Brad Rock: Jazz fans have plenty of reasons to be optimistic about franchise's future
SALT LAKE CITY — There a lot of halves around, when you think about it. Half moon, halftime, half-baked, halfway house.
And don't forget that half-decimated team, the Utah Jazz.
What's that song? Suddenlyyyy, they're not half the team they used to beeeeee ...
The Jazz closed out the season the way they closed out a lot of games this year — with about half the lineup healthy. It looked like class roll during flu season. Bell? Fesenko? Kirilenko? Okur? Price? Miles?
All absent. So in a literal sense, the Jazz are limping into the off-season.
Wednesday's 107-103 win over Denver ended one of the most turbulent years in franchise history. It also completed the demise of a once-great playoff tradition. Used to be the Jazz showed up for the postseason on cue. Now the only games the Jazz will play in May will be on PlayStation. They finished with their worst record (39-43) since 2004-05. Which raises the question: Where do they go from here, the scrapyard? The emergency room? The Mental Health Association?
"We've been through a lot," said center Al Jefferson, "but at the same time, our fans have been through a lot, too."
Despite their losing 10 of their last 13 games, they also won three of their final five. Utah isn't a federal disaster area yet.
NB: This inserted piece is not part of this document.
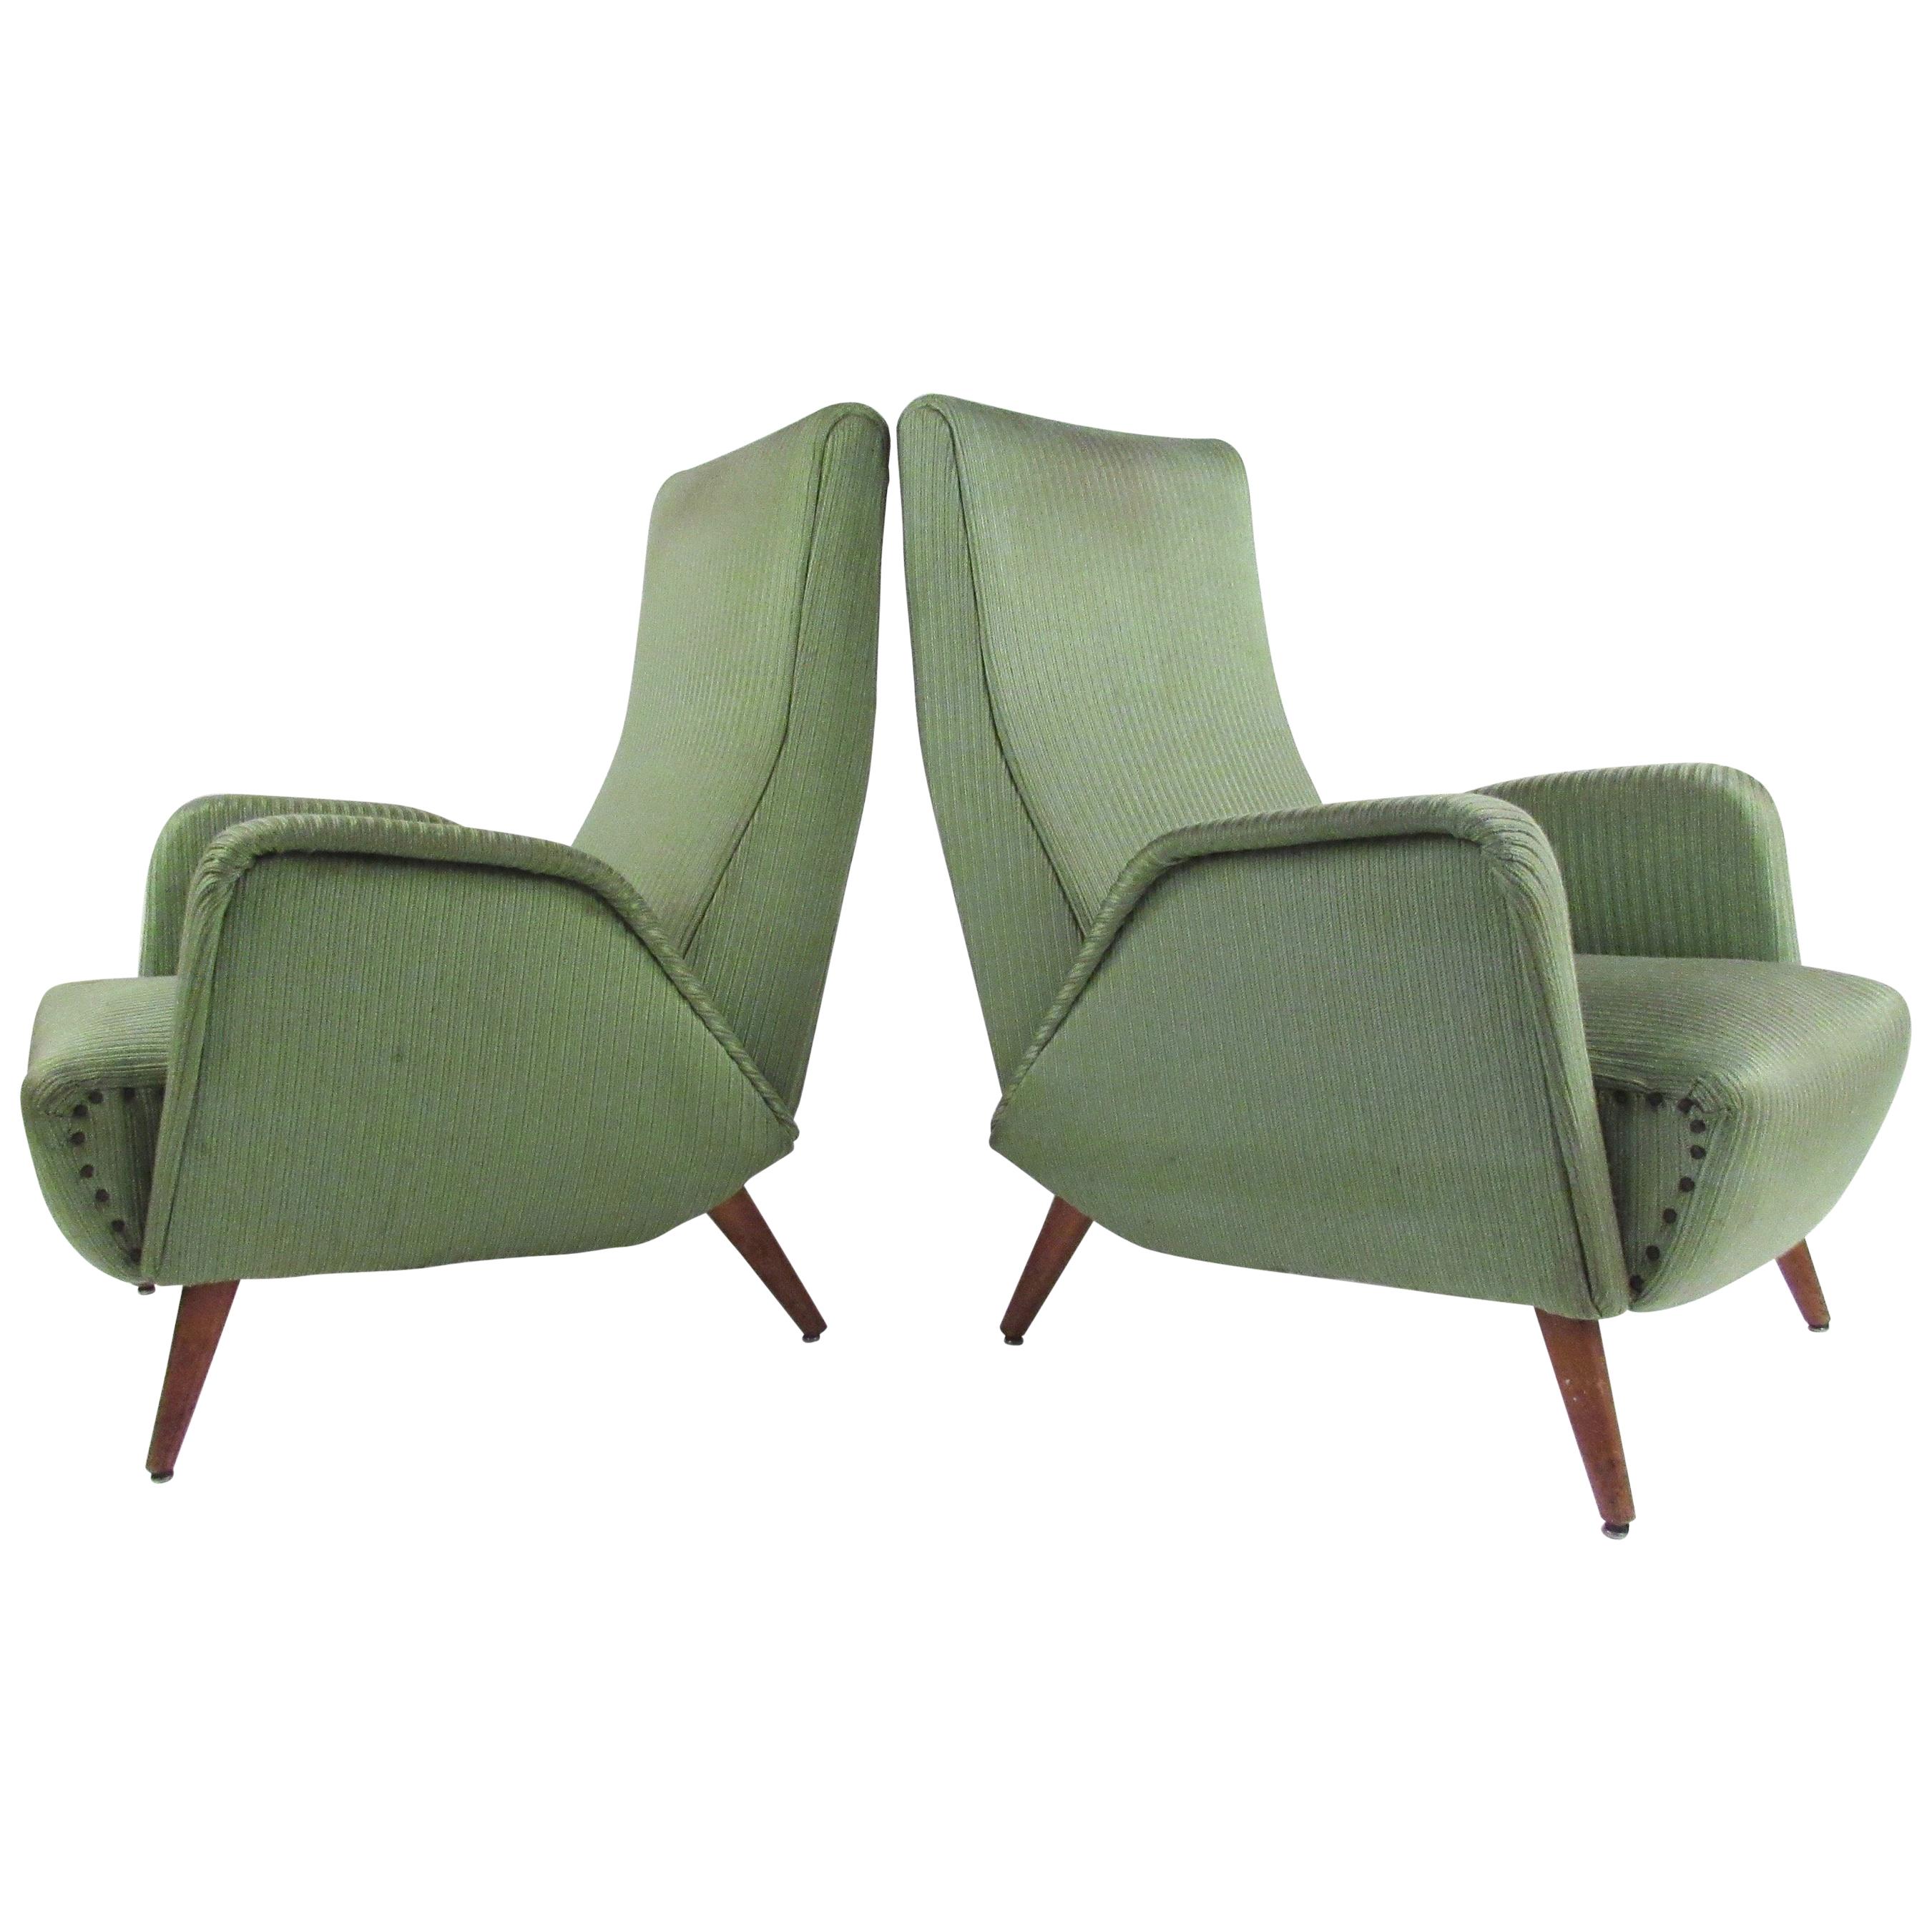 Pair of Italian Moderne Lounge Chairs after Marco Zanuso
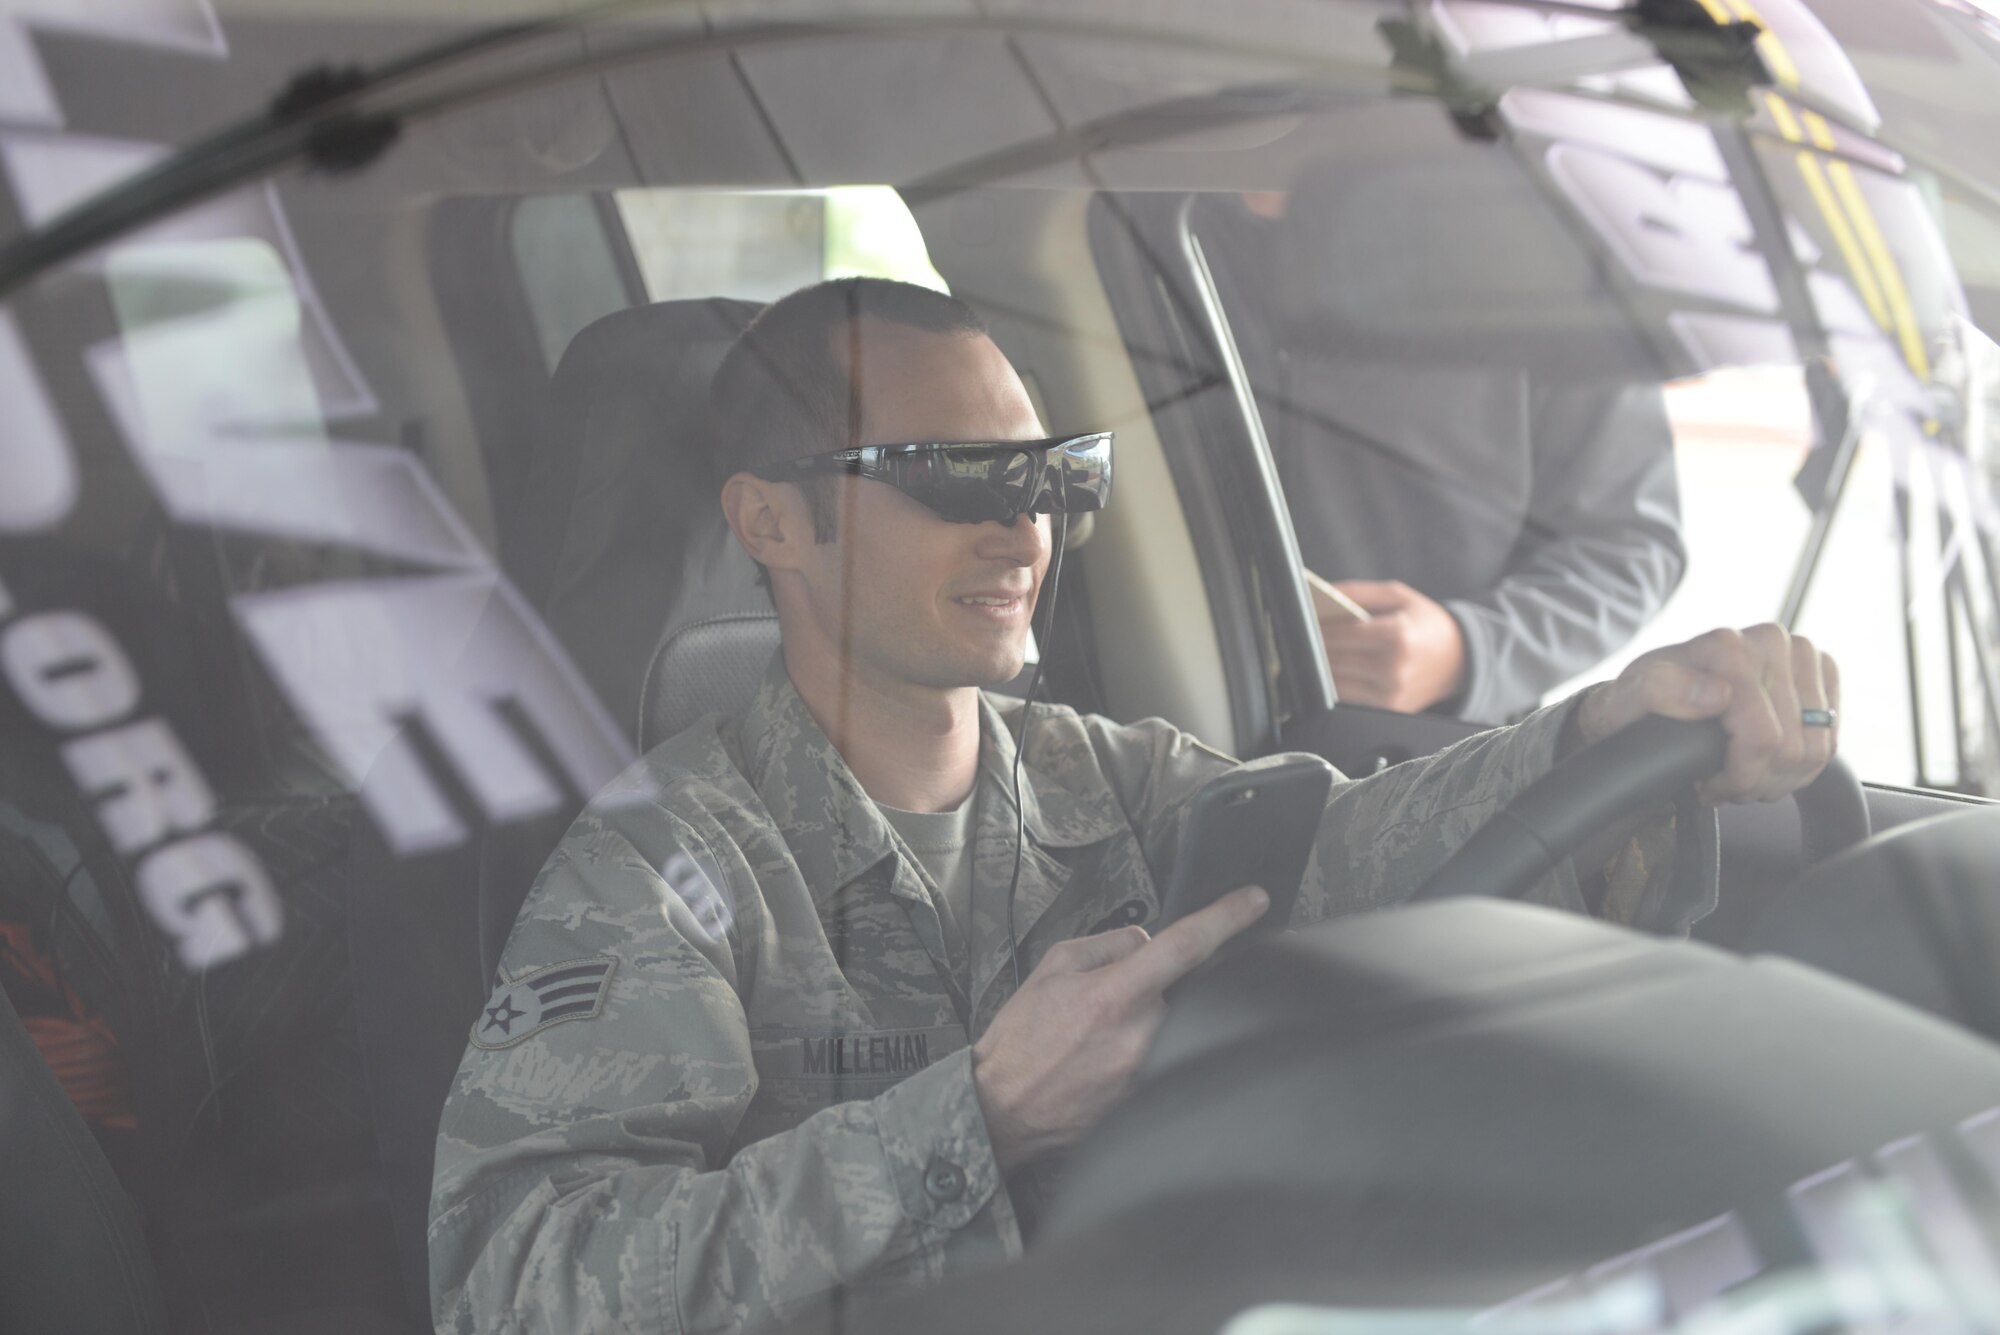 Senior Airman Ryan Milleman, 9th Aircraft Maintenance Squadron crew chief, operates a virtually simulated vehicle while he tries to text during a demonstration from the Arrive Alive Tour March 28, 2016, at Beale Air Force Base, California. The Arrive Alive Tour provided a demonstration, which gave Airmen the opportunity to experience the realistic effects of driving under the influence, and texting while operating a vehicle. (U.S. Air Force photo by Senior Airman Ramon A. Adelan)

"There's always an adjustment," Jefferson said. "But if guys get back healthy ... and you don't know whatever changes are going to be made ... I'm not going to tell you the season went the way I wanted it to. I came here to get to the playoffs, and I still believe in my heart that's what we're gonna do."
Just not this year.
So the Jazz move on. But to what?
Here are five reasons to believe the Jazz will be a playoff team next season:
Big Al, Devin Harris. The Jazz center has the potential to become a team leader, both on and off the court. Emotional, enthusiastic and charismatic, Jefferson scored 20-plus points 37 times.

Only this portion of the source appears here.